Prime Minister Modi came to power with a promise to create millions of new jobs. But employment generation remains weak. The latest report by the Centre for Monitoring Indian Economy, a think tank, argues that nearly 11 million jobs were lost in 2018. Ambitious schemes like Skill India fell victim to the country’s bureaucratic red tape. Slowing exports are bad news for more than 10 million youths entering the workforce every year. Growth in non-farm employment is largely contributed by low-pay and precarious jobs in construction, transport (thanks to e-commerce growth) and tourism.

The manufacturing sector has long been suffering from slow job generation. It was this realization that motivated Modi to launch the Make in India initiative in 2014 with a goal to transform the country into a global manufacturing hub like China and East Asia. The country’s huge domestic market can help boost such an industrial push.
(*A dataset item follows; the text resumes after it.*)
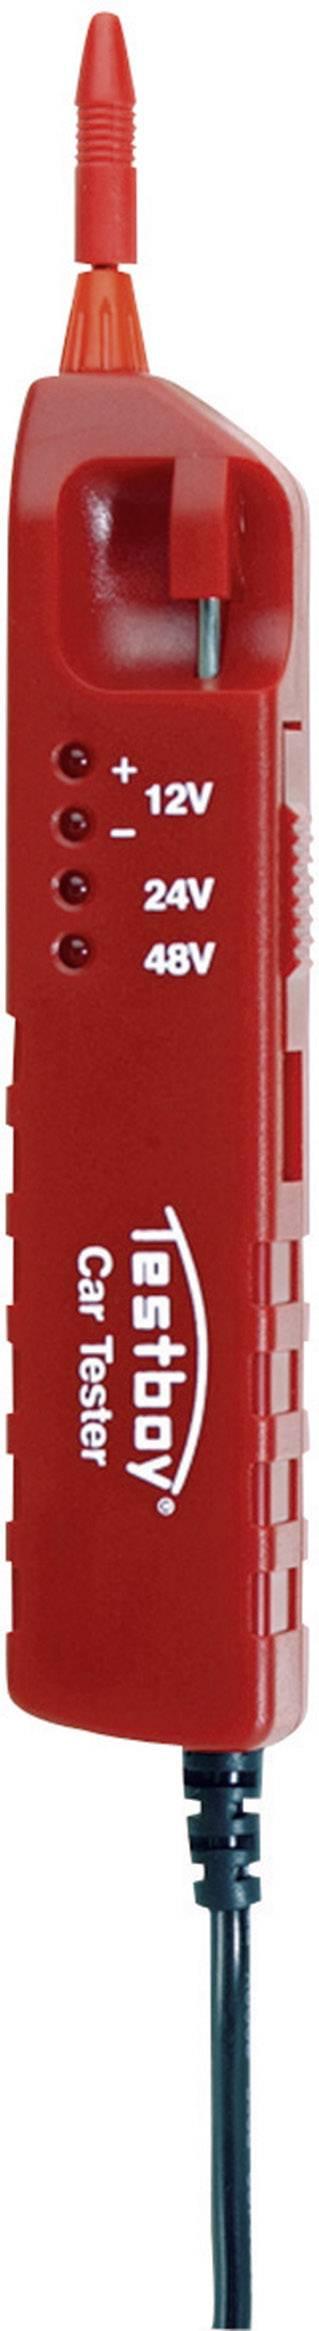 Zkoušečka napětí pro vozidla Testboy Cartester, 100.20049.0048
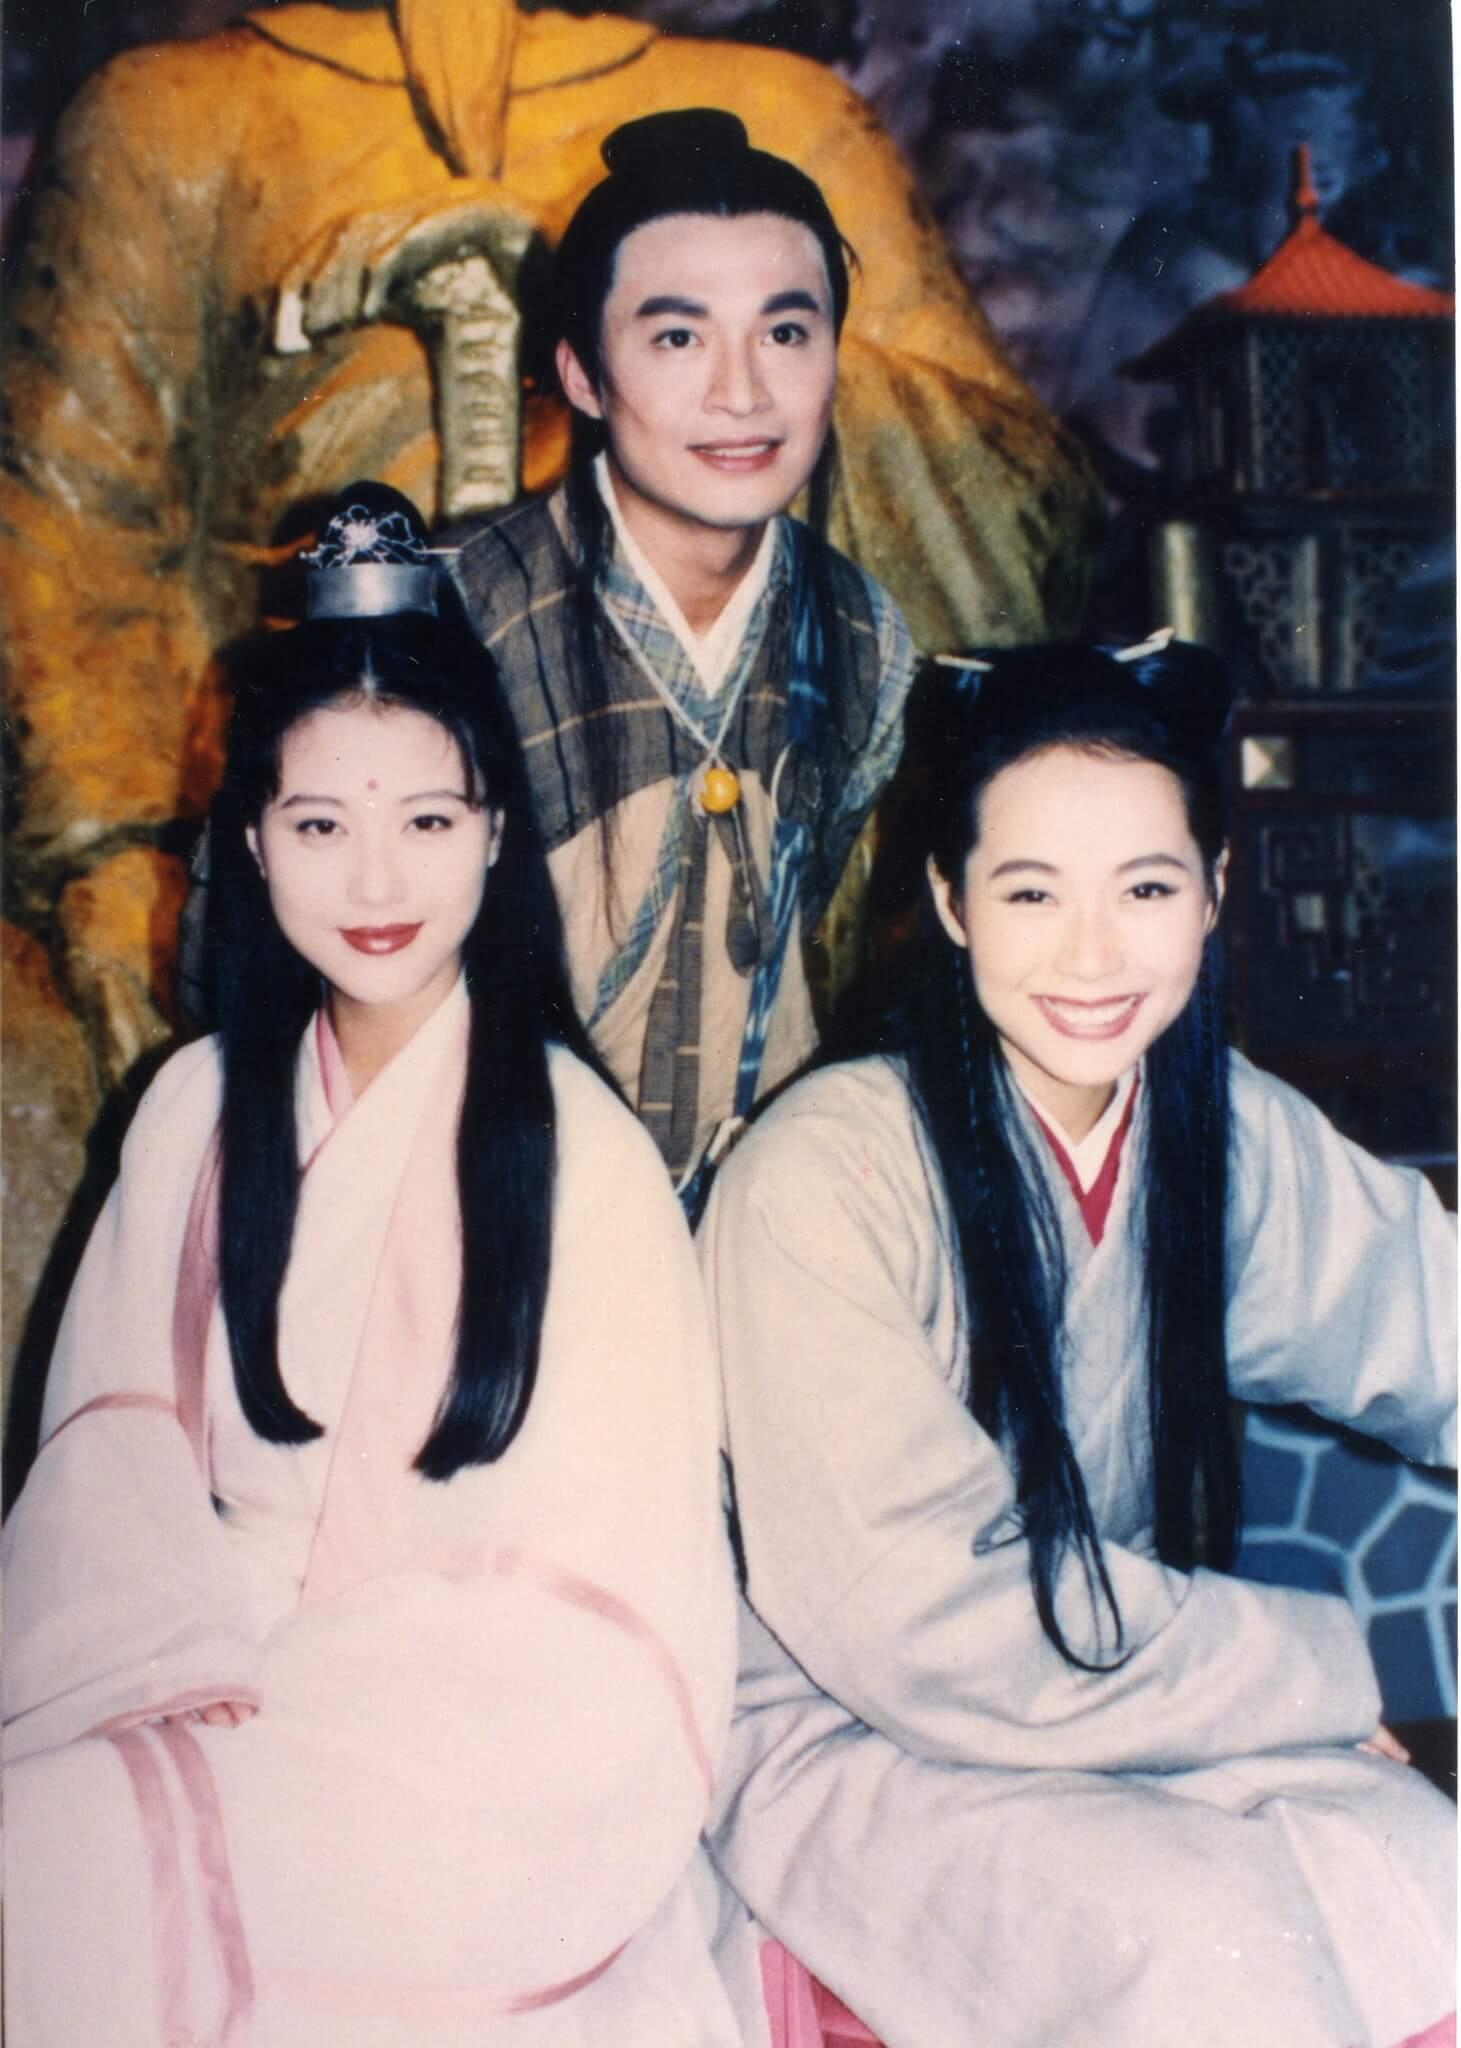 台劇《倚天》馬景濤飾演張無忌、葉童飾演趙敏,飾演周芷若的海味因此劇爆紅。

India’s phenomenal mobile manufacturing boom is a case in point.

Facing elections this summer, the Modi administration has decided to opt for decorative measures like mass hiring in government-run railways and statistical maneuvering of the Employees’ Provident Fund Organisation data. A recent study published by the Prime Minister’s Economic Advisory Council claiming the creation of over 12 million jobs in 2017 has been criticized for painting a rosy employment picture. India’s finance minister has put his bets on the “wave of self-employment” to defend the failure to create enough jobs.

Following a recent defeat in three state assembly elections, Modi has unleashed populism by announcing 10% reservation in government jobs and higher education to members of economically weaker sections, including the upper castes, covering over 80% of India’s population. Meanwhile, millions of formal positions in hospitals, law enforcement and schools remain vacant. This is the aftermath of the recent pay revision in government salary, meaning 8% of India’s GDP is now spent on the salaries of government employees.

Growth Without Jobs

India’s growth creates fewer jobs than before. Fixing India’s job crisis is impossible unless the government decides to increase investment in public services, education and health. Together these sectors can compensate for the bulk of the work demand in India. For an economy dominated by a disproportionate share of microenterprises, India needs to revive its regional polytechnics while developing a robust network between academia, industry and government.

The challenge of fixing India’s job crisis is an unachievable task for any one-term government. The country’s private sector has done well in battling the unemployment challenge so far, and improving the ease of doing business is a step in the right direction. The focus on rural electrification is bound to have a ripple effect on improving the digital competency of the future labor force.

There is no single strategy for fixing a job crisis in an economy as large and poor as India’s. Only a careful blend of consumption, investment and export-led growth can lead to the twin objectives of employment-intensive growth and poverty reduction. But for India’s young and burgeoning workforce the current situation remains bleak. Will the voters be patient and put their trust in Narendra Modi again? Predicting this is more difficult than predicting their future.

The views expressed in this article are the author’s own and do not necessarily reflect Fair Observer’s editorial policy.